> AVAILABLE DATA:
Segment Open

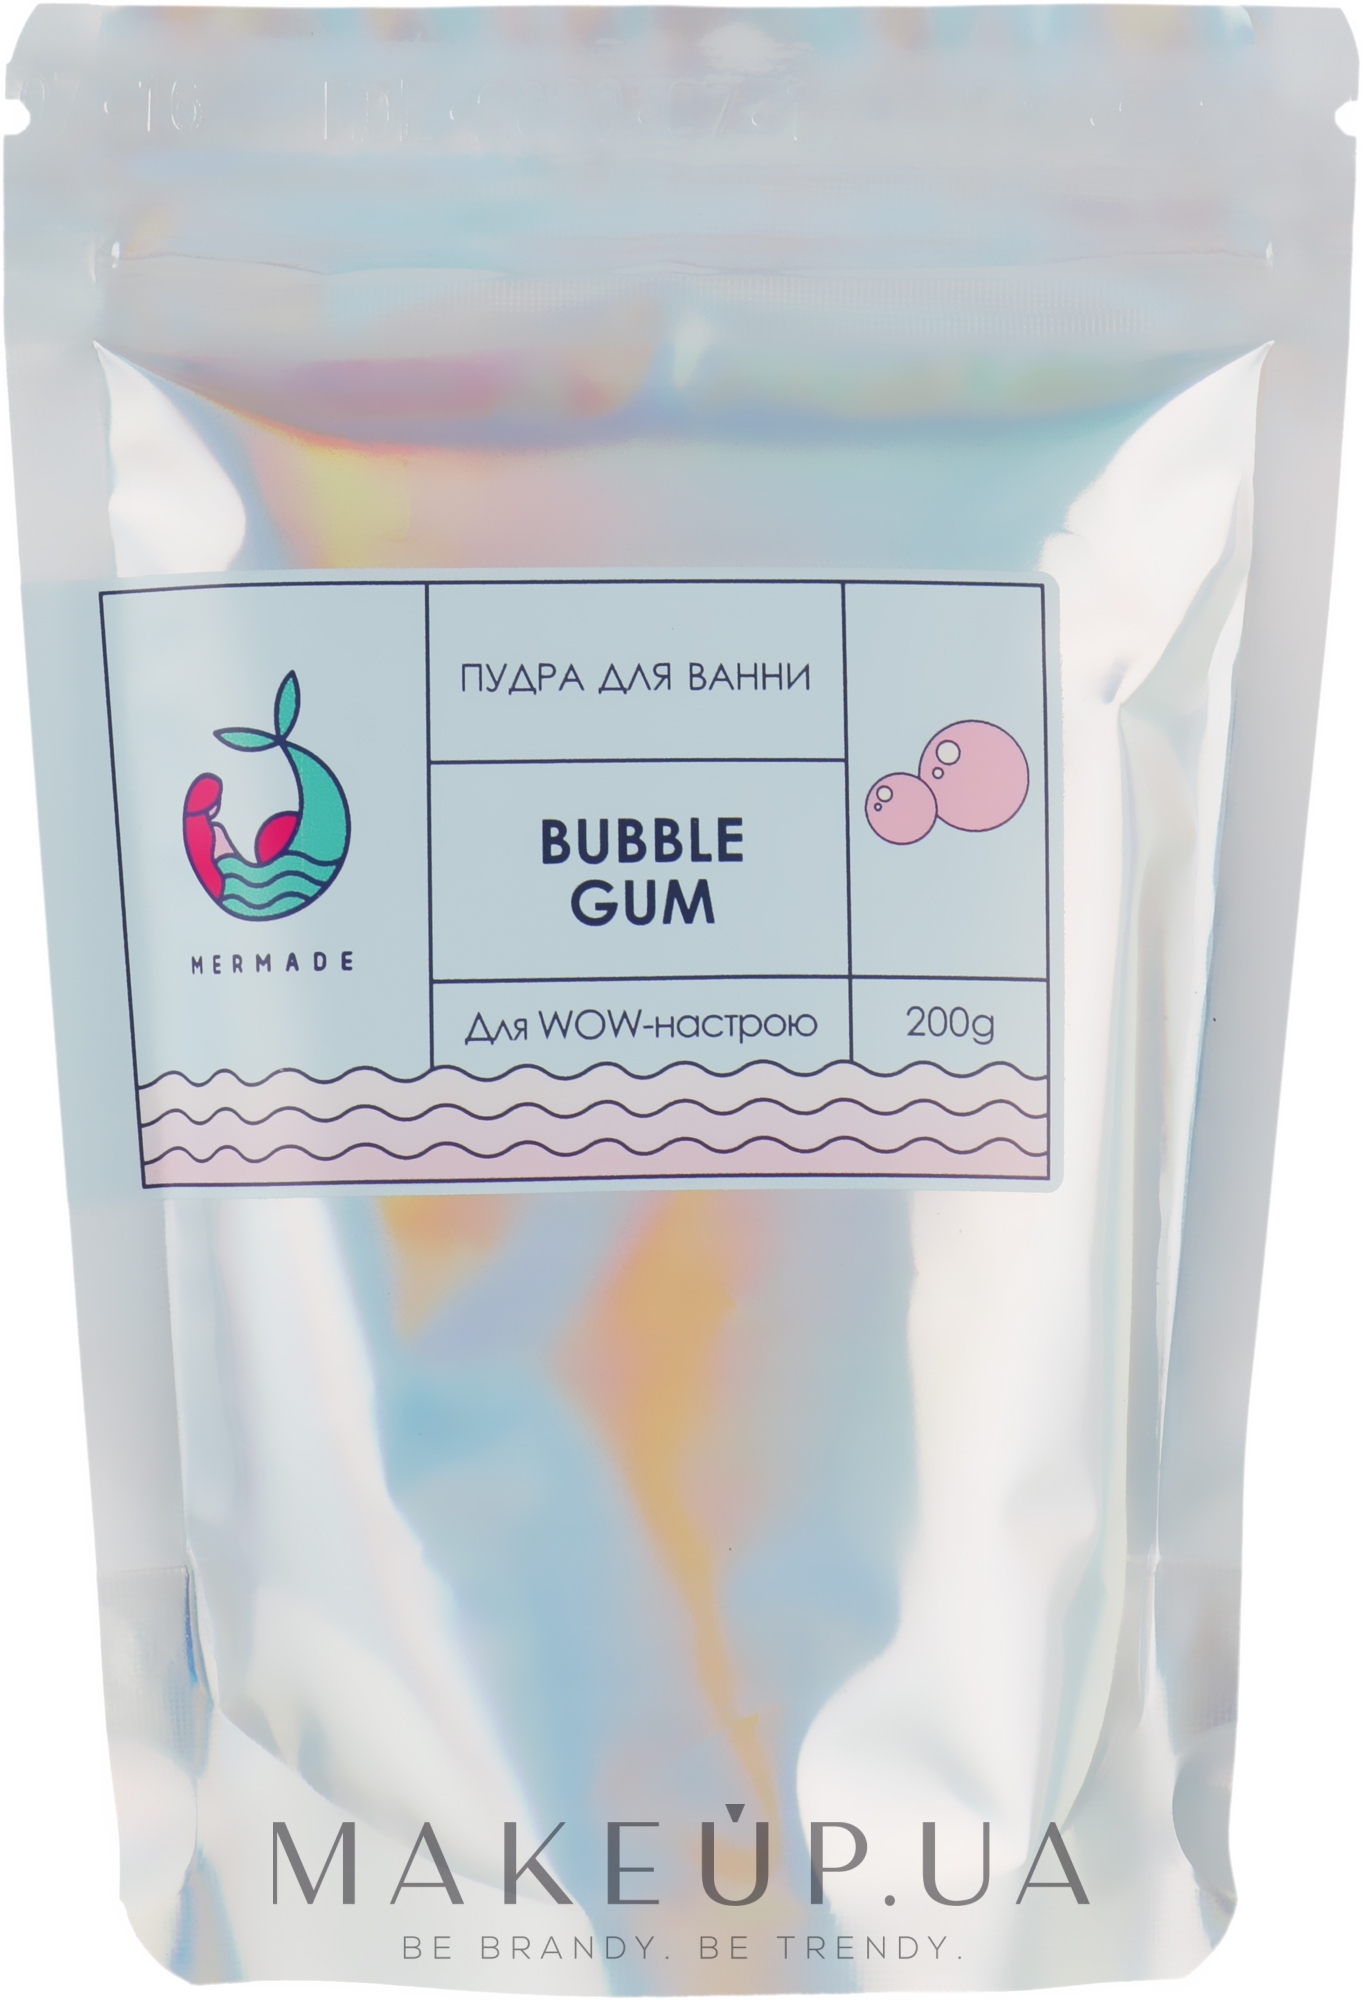 Пудра для ванни - Mermade Bubble Gum — фото 200g
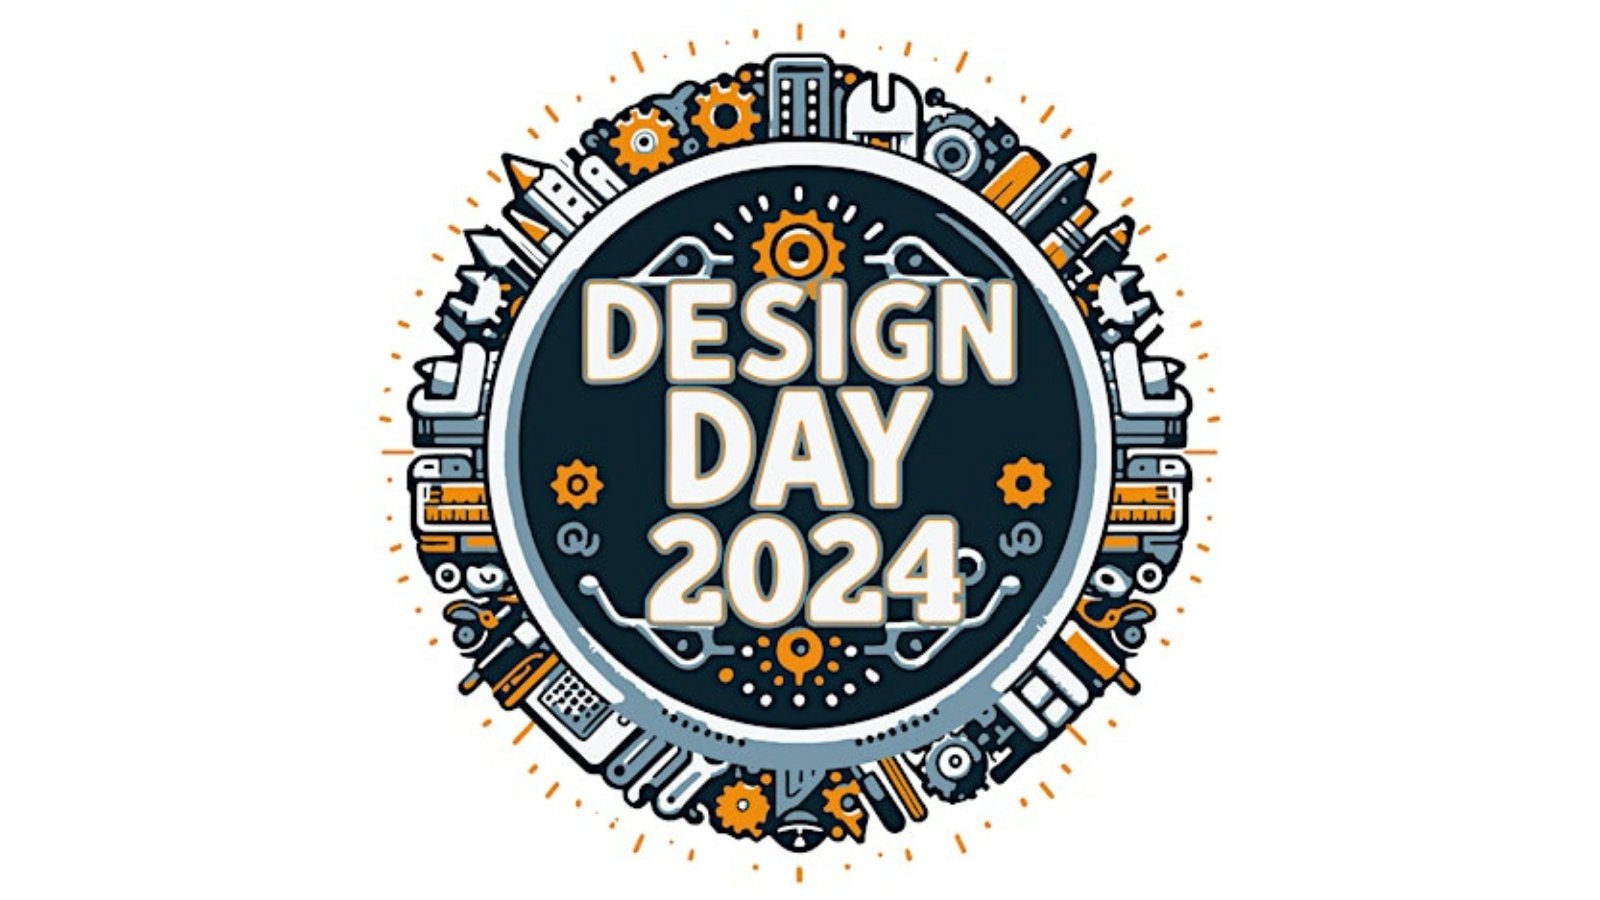 Design Day 2024 logo
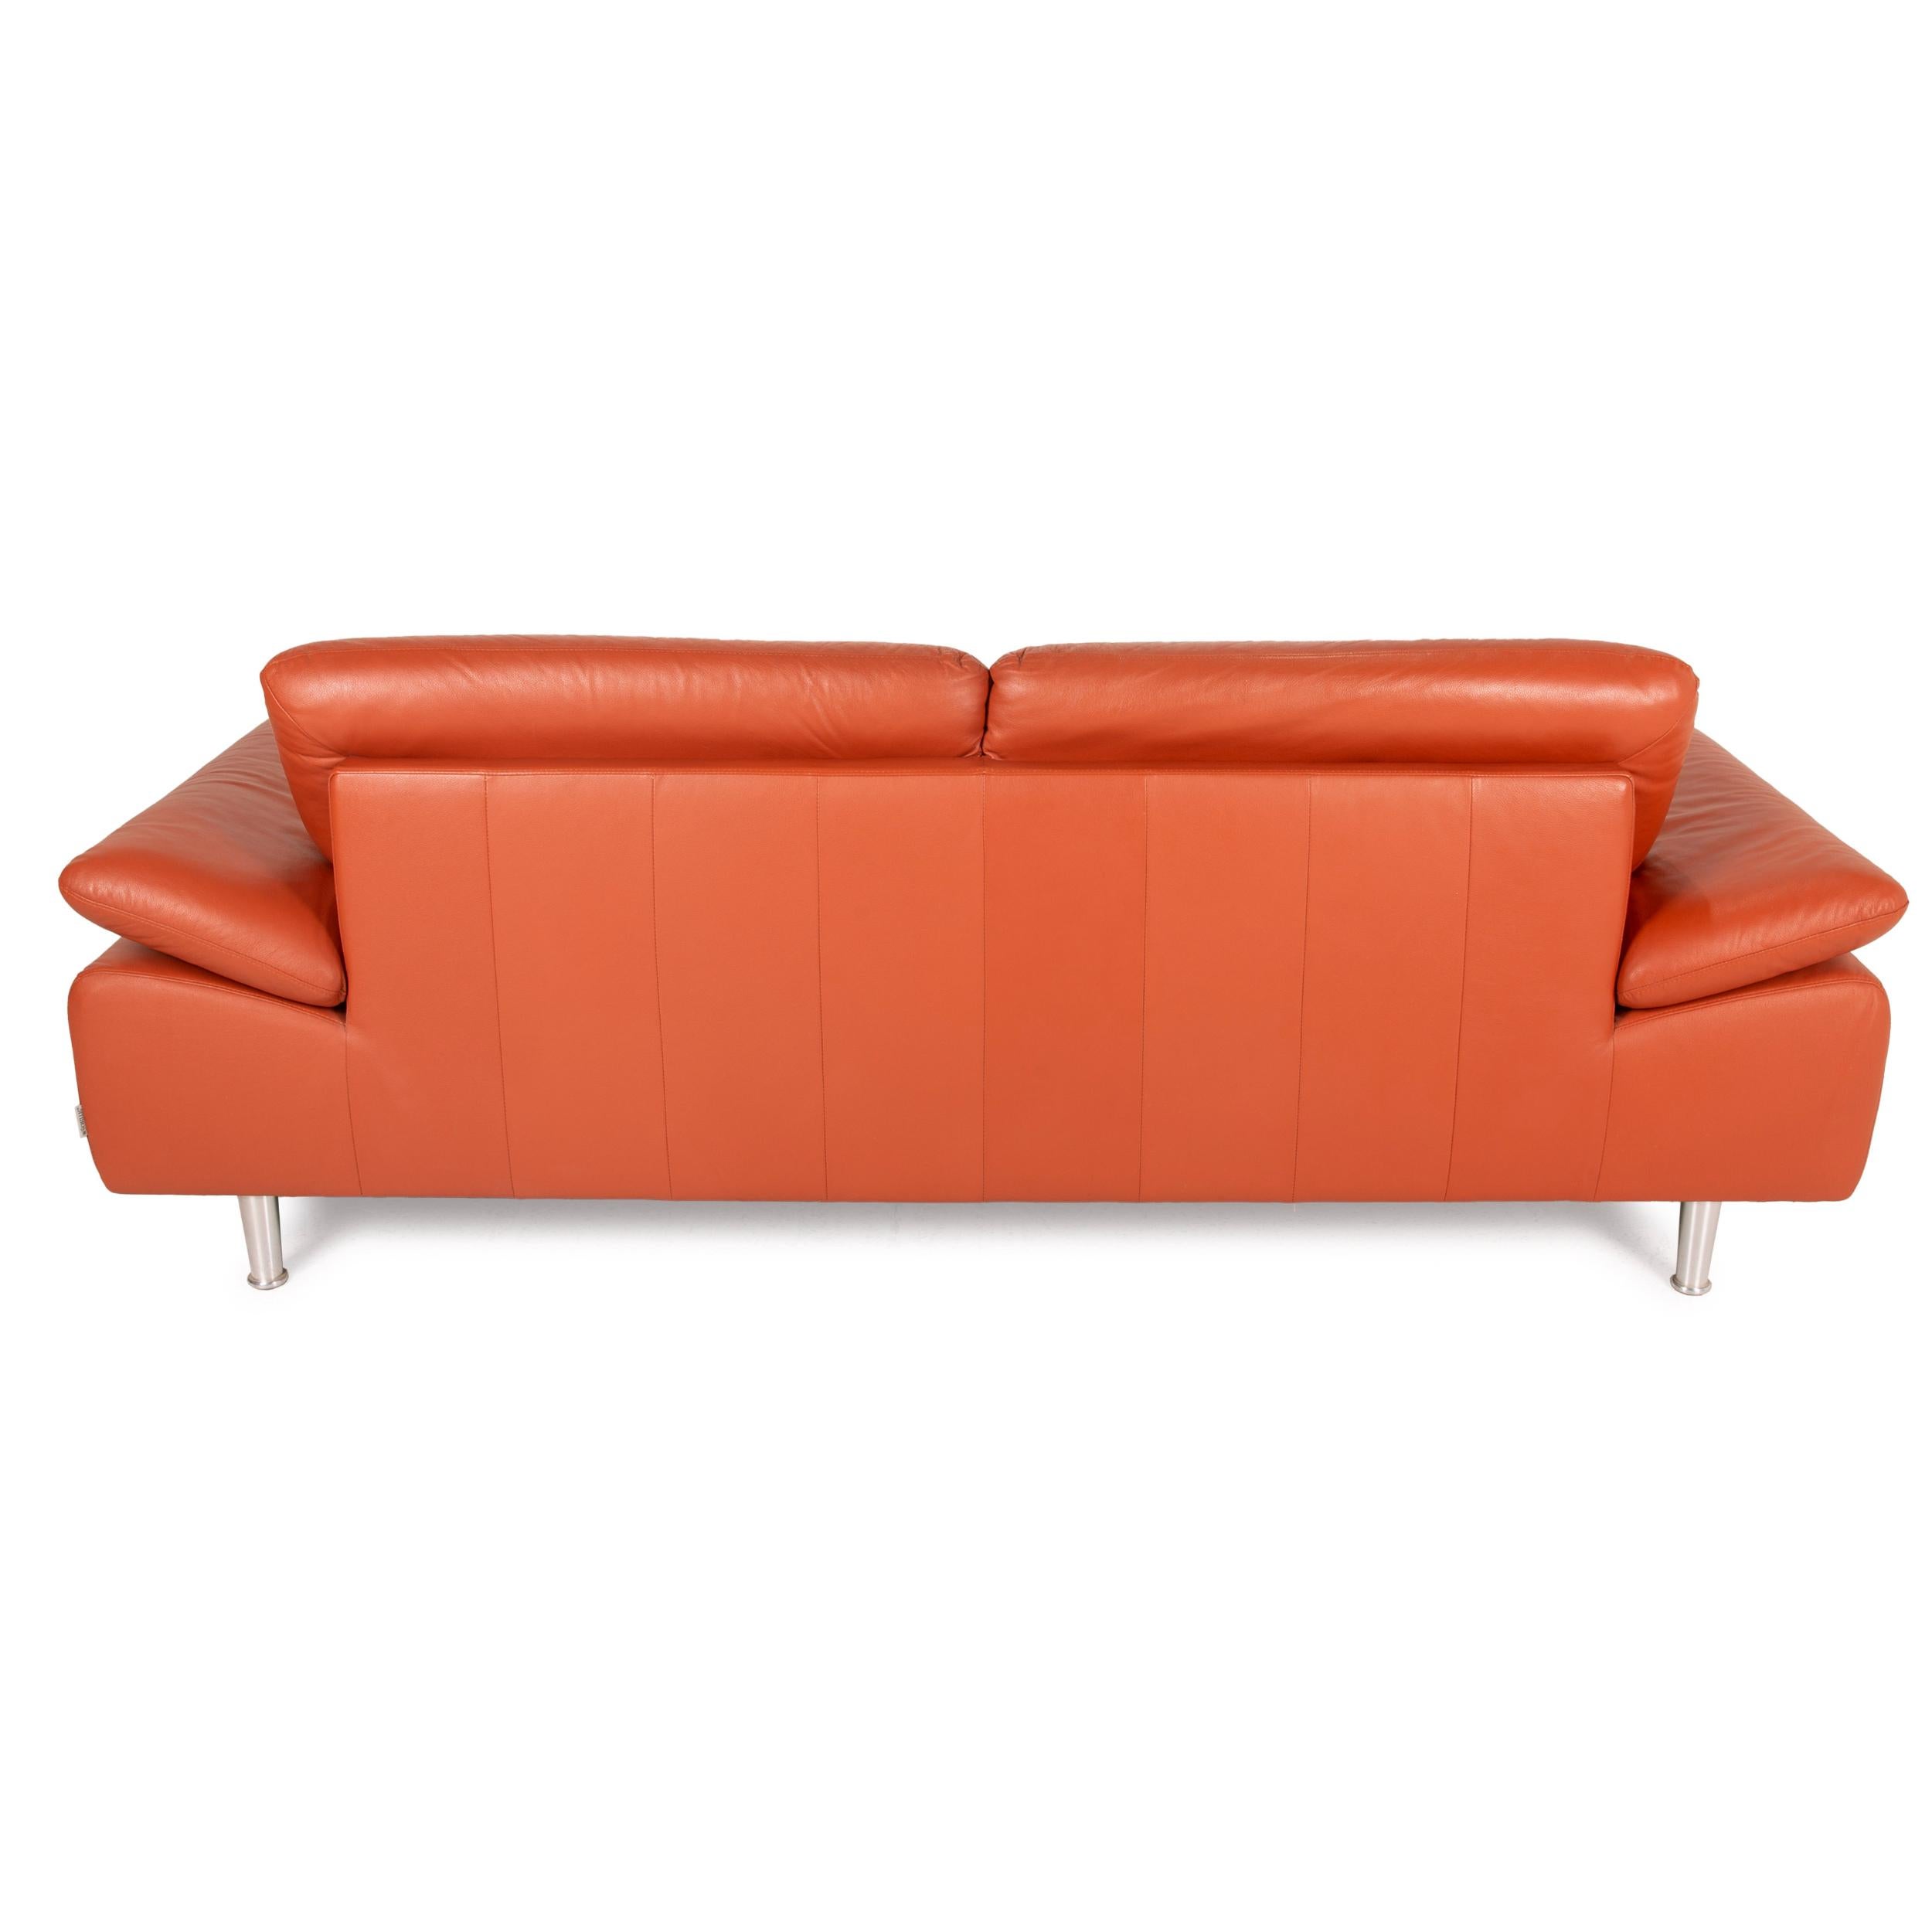 Willi Schillig Loop Leather Sofa Orange Three-Seater Couch at 1stDibs |  orange leather couch, orange leather sofa, orange leather furniture
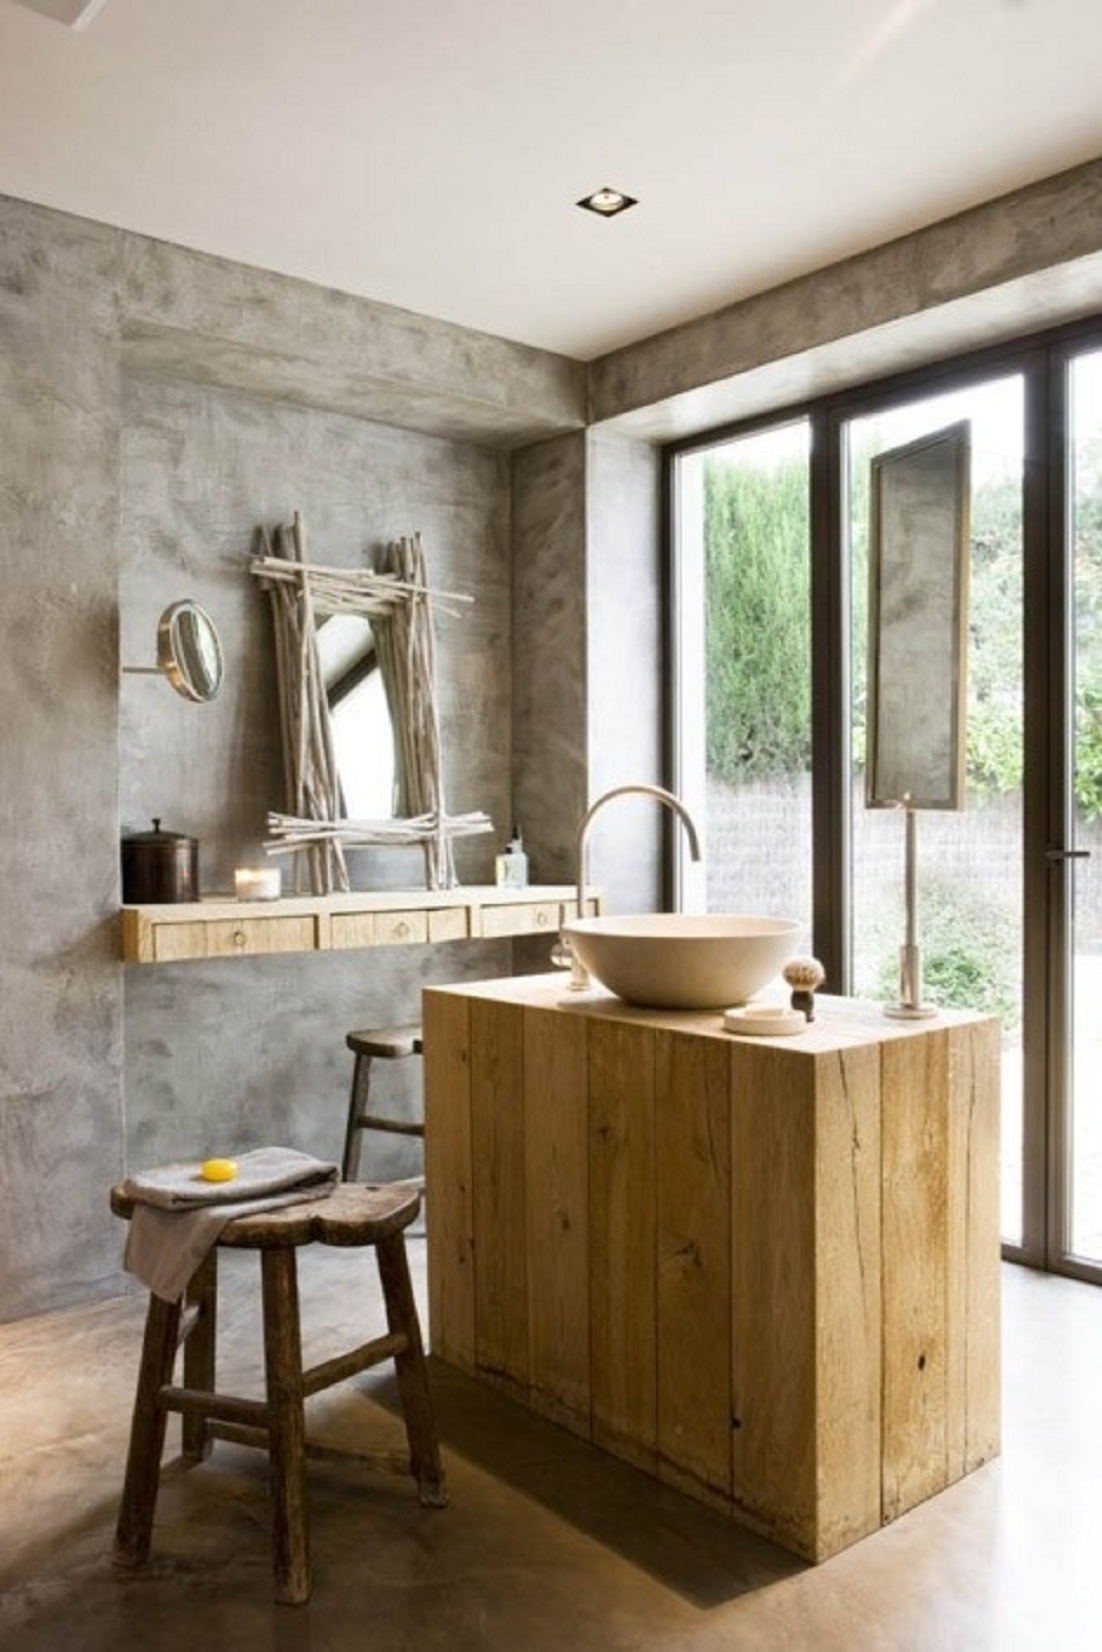 Rustic Bathroom Designs With modern elements

Segment Closed

> WHAT YOU WILL DO:
Leave out all pictures, then copy the remaining material exactly.

> ANSWER TO THIS EXERCISE:
 Пудра для ванни - Mermade Bubble Gum — фото 200g
 Design Day 2024 logo
 Willi Schillig Loop Leather Sofa Orange Three-Seater Couch at 1stDibs |  orange leather couch, orange leather sofa, orange leather furniture
 Rustic Bathroom Designs With modern elements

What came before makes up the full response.